On September 29, Stone told Saunders what each competitor in the ATACC procurement had bid. Stone also told Saunders that Litton’s bid had been the highest and was not in the competitive range.

Saunders then told Muldoon that Litton had submitted the highest bid and told Mul-doon the price Stone had quoted as being Litton’s. Saunders also told Muldoon that [973]*973Litton would be eliminated before the next stage of the competition.

On October 1, 1987, Muldoon gave this information to McAusland. McAusland verified that Muldoon had accurately reported Litton’s bid and agreed that Mul-doon’s other information was probably correct. Muldoon advised McAusland not to send a letter withdrawing Litton’s bid because Litton was not supposed to know that it would be eliminated. McAusland agreed.

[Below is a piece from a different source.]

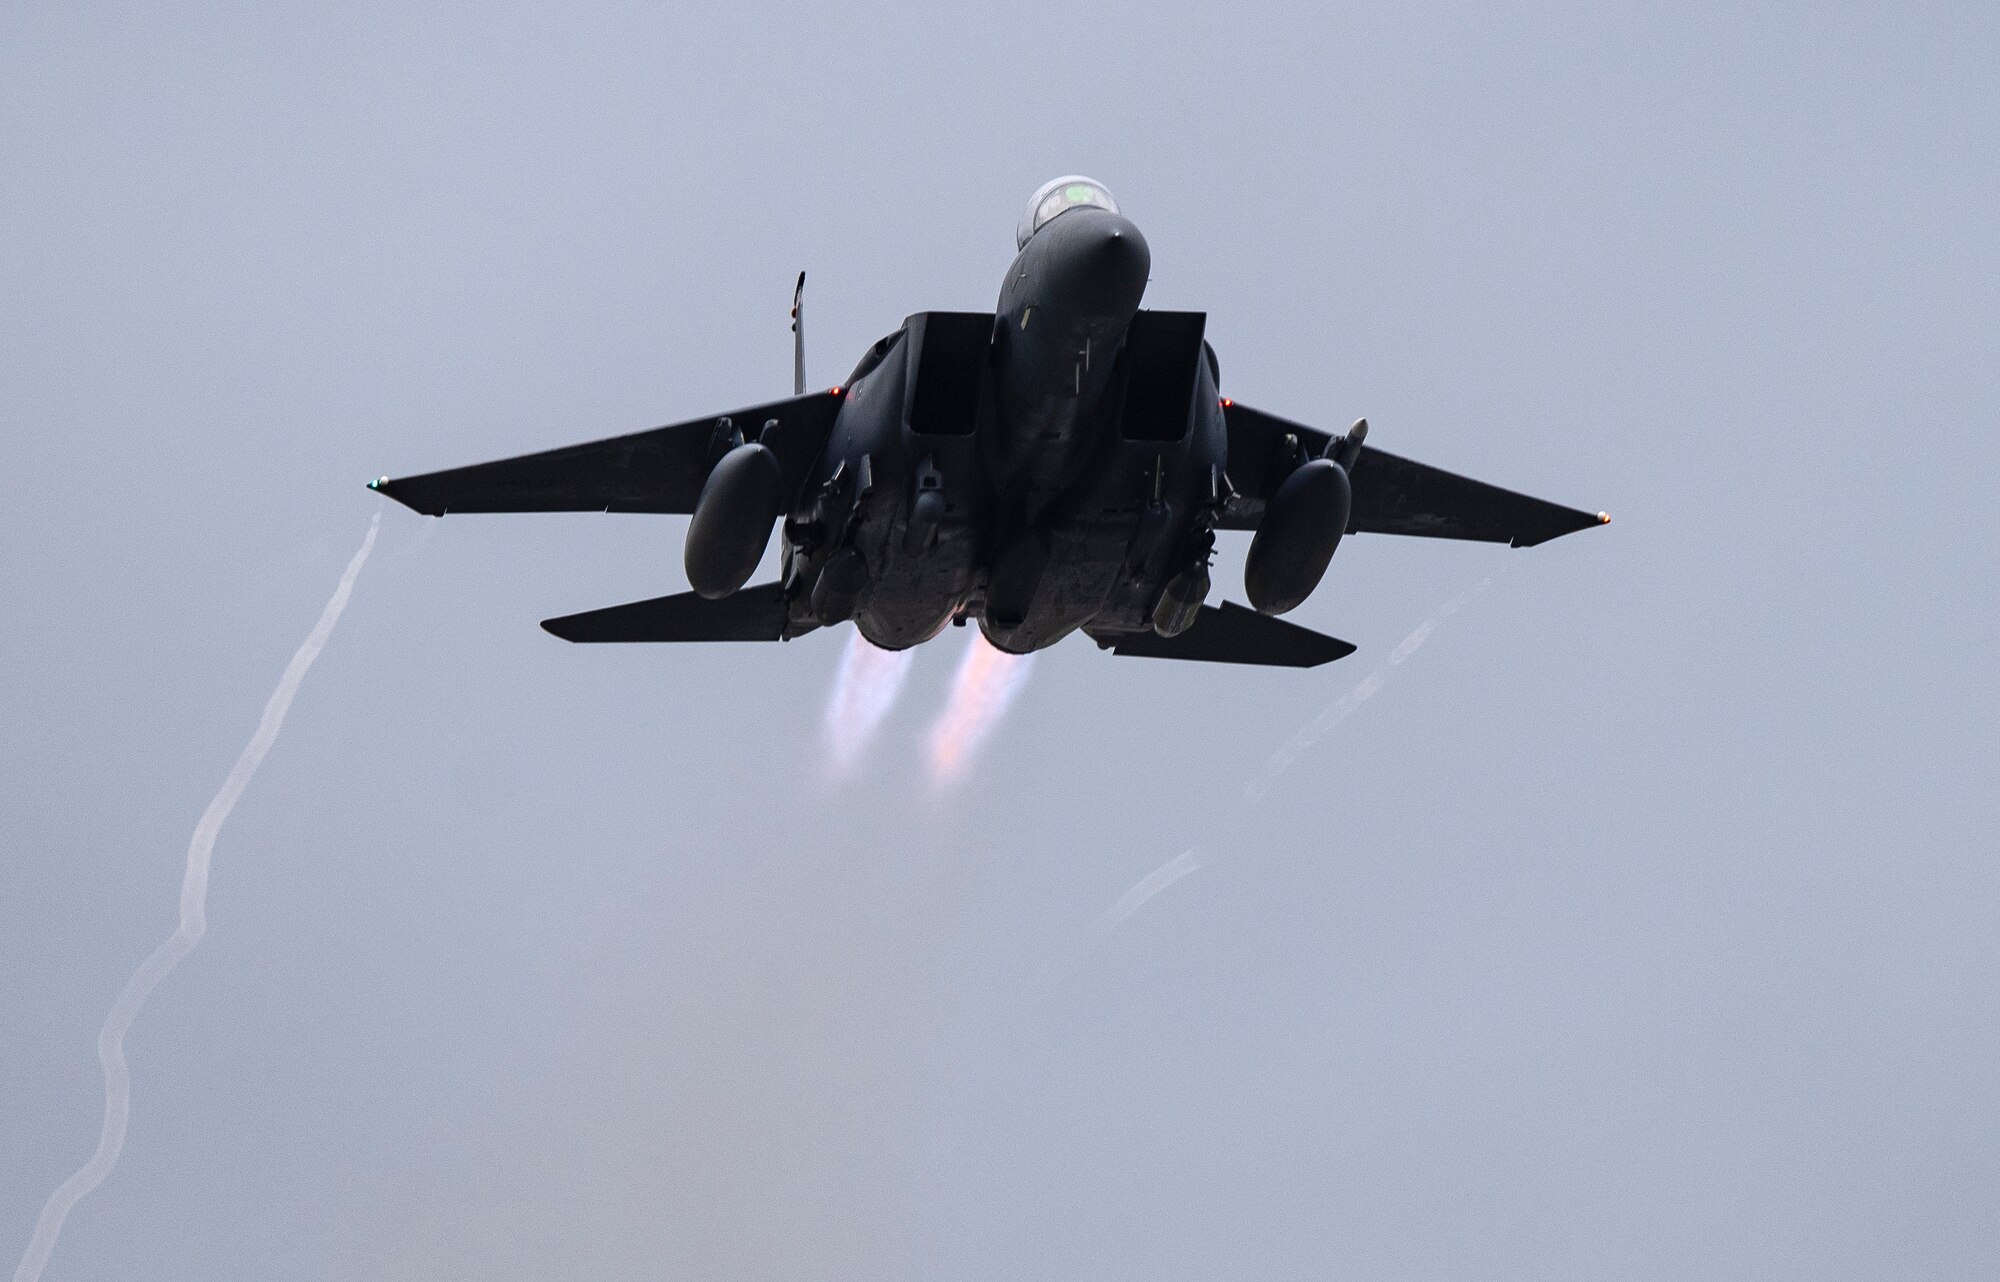 An F-15E Strike Eagle assigned to the 494th Fighter Squadron takes off from Royal Air Force Lakenheath, England, to Aalborg Air Base, Denmark, Oct. 30, 2020. Agile combat employment within the Baltic airspace and surrounding nations is key to regional defense and stability. Collective training events enhance the ability of NATO forces to work together effectively to fight from varying locations and respond to any threats. (U.S. Air Force photo by Airman 1st Class Jessi Monte)

Between October and March, 1988, SPA-WAR continued the evaluation process of the initial ATACC proposals. During this period, Pafort asked Muldoon for the latest information on ATACC. Pafort said he was interested because Litton had invested $1 million in its ATACC effort. In February, Pafort said he would like to see the ranking of the competitors, which Muldoon indicated he had obtained from his source. Muldoon had obtained them from Saunders who had, in turn, obtained them from Stone.

SPAWAR officials concluded their evaluation process in February, 1988.